14 октября. «Ну, Екатерина Ильинична, что же вы это, выздоравливайте скорее, а то некому нас кормить», - с той отрепетированной уверенностью в её выздоровлении, которая обманет только уж очень желающего, говорит главврач, зная прекрасно, что никогда уже Екатерина Ильинична не тронется отсюда по своей воле.
Она повариха, кормила врачей. Наш доктор, она сказала, как-то водил на обеды свою первоклассницу, когда жена была в командировке. …И девочку эту, девочку мне никогда не увидеть. Не узнать мне, что ей досталось из его сокровищ: у него есть один такой поворот головы… если бы можно было его уразуметь, этот поворот, и повторить словами… У него есть ещё такой взгляд: взмах век, но не до вопроса, не выше спокойного внимания. И всё это теперь…
Екатерине Ильиничне два месяца назад сделали операцию (она сказала: язва желудка) и выписали.

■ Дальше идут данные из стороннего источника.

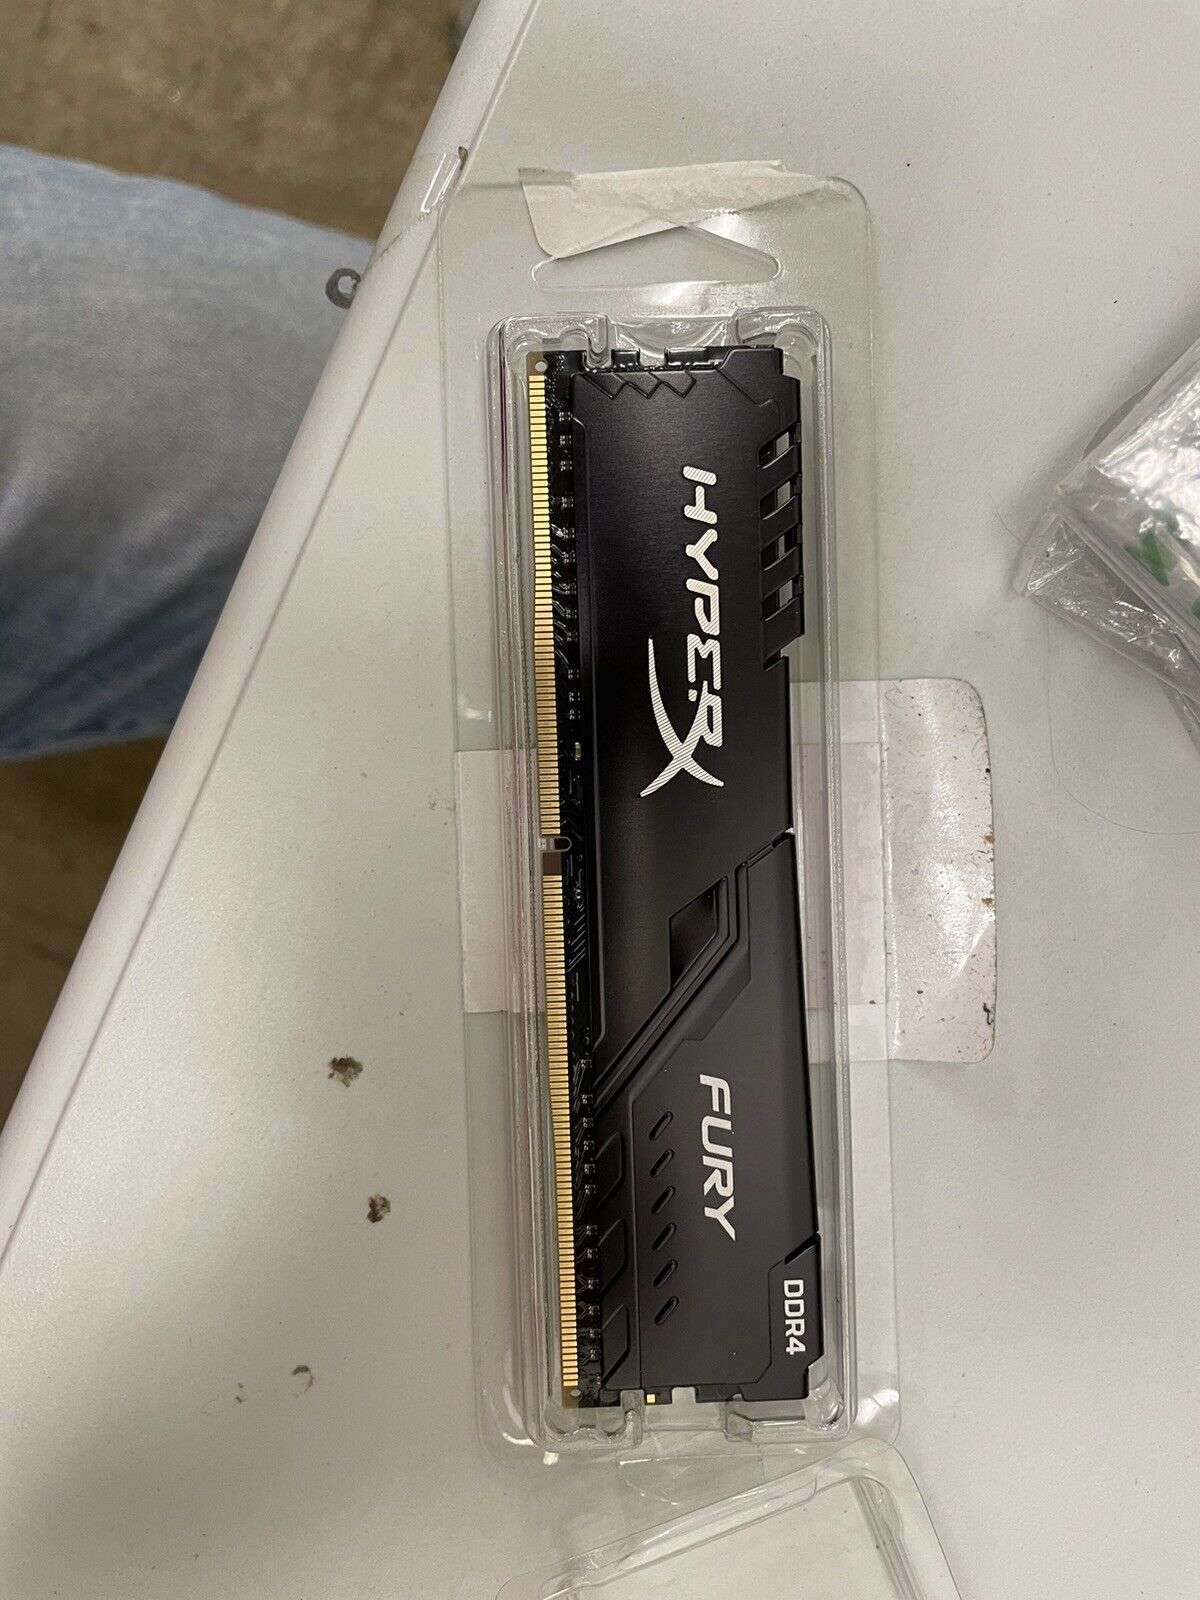 16GB Kingston HyperX Fury PC4-24000 3000MHz CL16 DDR4 Memory Module - Black

Теперь она снова здесь и очень быстро иссякает, но старается ничего не понимать. Я вижу по глазам нашего доктора, по торопливости, с какой он покидает её при обходе, как тяжёл ему этот груз.
Умирает она, а он, как бог, дарит ей на оставшиеся дни бессмертие, а смерть её тащит на своей душе. Как альпинист на подъёме, берёт её рюкзак.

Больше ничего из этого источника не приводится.